So, each reader is free to wait those several years until University Research Studies prove it. However, we hope that we have presented things sufficiently so that many people will not see the need to wait those years and might decide to build this fairly simple system sooner. If so, and you decide to do this, you will certainly have your own ideas about how to do certain things. You might decide to install more or fewer tubes, of larger or smaller diameter. You may decide that the whole thing should be tall and skinny or short and wide. You may decide that there is some reason to tilt the whole thing! It will certainly work in any case! Maybe better or maybe not. We hope that people who try variations of what we have described will later e-mail us regarding any potential variations or improvements, and the actual results you achieved. If we could have a thousand people each doing this during this coming winter (07-08) and the next (08-09), we think we may be able to greatly refine the system, even before any official Research Studies get even initial data.
A few newscasts are starting to finally indicate how urgent and how drastic our problems are regarding Global Warming. If we wait for the governments to act, as slowly as they always seem to work, even their optimists are only expecting to make modest reductions by the year 2050. That will certainly be FAR too late. The premise of this page and this concept is that if instead a "grass roots" effort of countless millions of homes being heated in this way, we might actually be able to achieve in two or three years what Politicians seem to only dream about for more than 40 years from now! When TV ads say for you to "do your part to save the planet", this is the sort of thing they are probably intending to refer to!
So we are figuring that those first thousand people who make these will each have slightly different configurations, or they will have tossed in different organic materials. Some will discover brilliant insights in the process. It may actually turn out to be a wonderful thing if some bacon grease is included, or food scraps, or a small amount of used motor oil! No one will really know until someone tries such things! If this sounds potentially exciting, I think it is, because if YOU happen onto some awesome variation, this site can enable millions of others to also benefit from it!
The 170,000,000 Btus of chemical energy is simply sitting there! It no longer has any function regarding the biological operation or development of the living plants of which it used to be part. It is simply sitting there, as the organic materials are waiting to (slowly) NATURALLY decompose, which releases all that chemical binding energy as heat energy. It can be equally accurately described as 67,000 horsepower-hours of (heat) energy or 50,000 kilowatt-hours (again, of heat energy). They all mean the same thing. They are NOT mechanical energy or electrical energy, or even heat energy, but rather a potential energy of the chemical binding energies of the atoms in the complex carbohydrate molecules in organic materials. However, Newton told us that Energy must be Conserved, that is that such energy cannot simply disappear. It MUST continue to exist, but it can be changed in form from one type of energy to another, as long as the total energy does not change. All REAL processes do not have perfect efficiency when changing from one form to another, where all the energy that might appear to be lost had simply been converted to heat energy, possibly as frictional losses or radiation or convention losses.
In this case, that 67,000 horsepower-hours of energy gets released very gradually and slowly, spread out over that entire one acre area. But still, during that six-month period (4,400 hours), there is an average of over 15 horsepower continuously released, although it occurs very irregularly in reality. That can also be described as being an average of around 11 kilowatts for that entire six month period! This seems impossible since no one has ever noticed it! After all, we don't have to run across the yard in winter because it is so hot!
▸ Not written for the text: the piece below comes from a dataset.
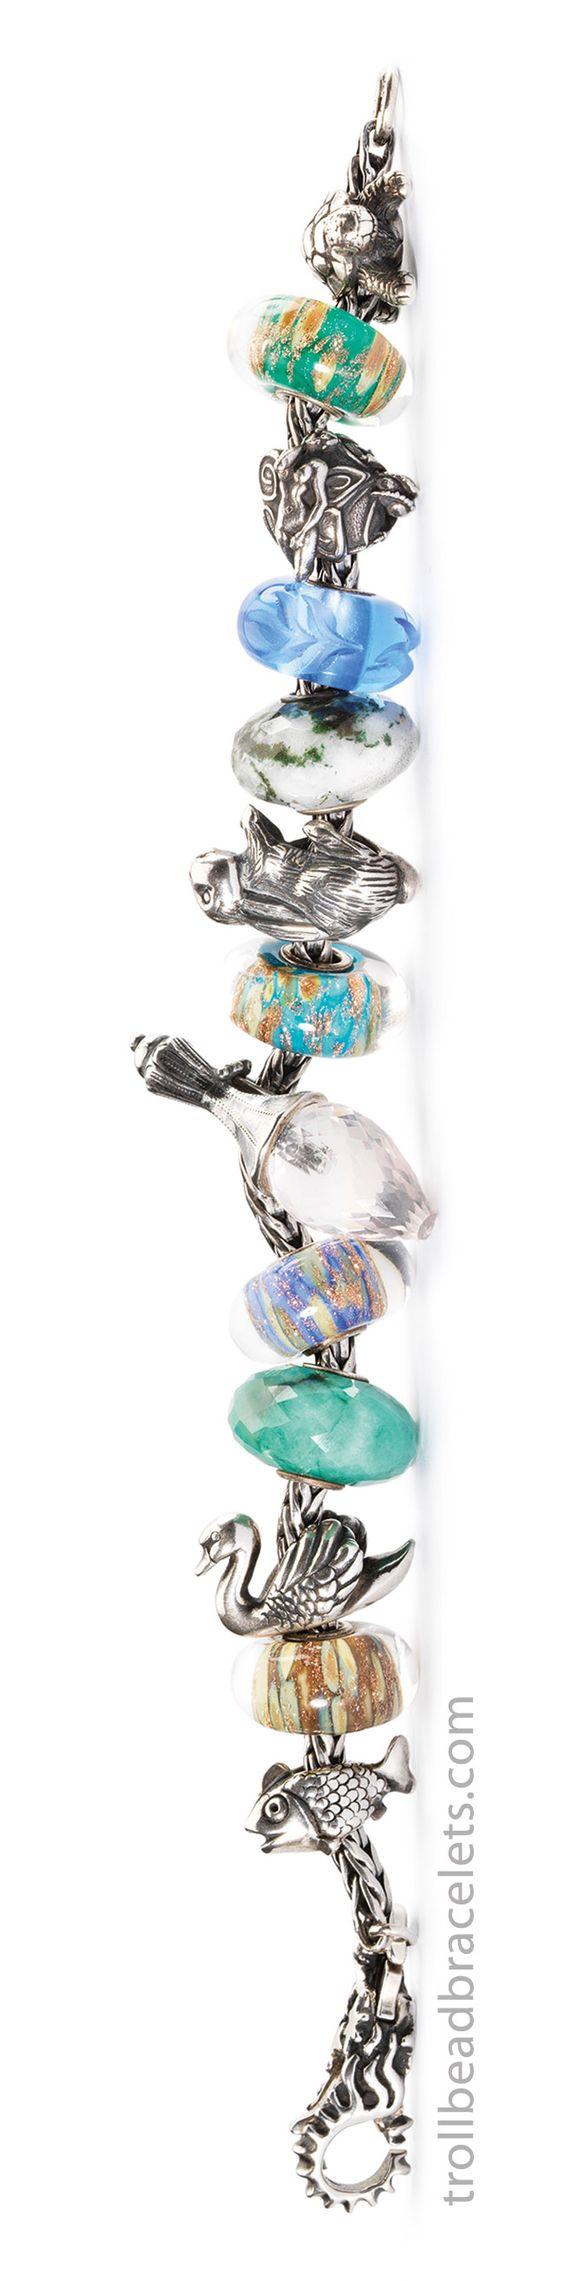 Trollbeads 2014 spring collection hanging garden bracelet

We can see why this is the case if we consider it as the 170 million Btus of energy. Again, this is released over 4,400 hours, so we would have an average of around 39,000 Btu/hour. Keep in mind that this is normally spread out over the area of an acre, or 43,560 square feet. This is therefore around 0.9 Btu per square foot per hour, a rather small amount when we stick space heaters under our desks which produce 5,000 Btu/hr! Is there any wonder that no one has ever noticed a heat source which is less than 1/5000 of that of a lowly electric space heater?
The actual natural heat production is very irregular, as the mesophilic bacteria which operate at the lower temperatures are very affected by the temperature of the material they are trying to break down for energy. On intensely cold days, there is extremely little activity, while on milder Spring days, substantial decomposition occurs.
Note that the technology which we have developed generally relies on entirely different types of bacteria, the so-called thermophilic ones. They are far more efficient at the process BUT they also require an environment which is around 125ºF to 150ºF. This means that they rarely get a chance to do much, except on really hot sunny summer days when inside a pile of animal dung or similar compost materials. This actually explains why the thick and effective insulation is so centrally important in the operation of this concept. If there should ever be found some bacteria which thrive on even warmer temperatures, like 170ºF to 180ºF, it figures that they might be even more rapid in accomplishing these functions. If there were ever to be any future in using this approach for vehicle fuels, that might a likely way to accomplish the rapidity needed in the energy release.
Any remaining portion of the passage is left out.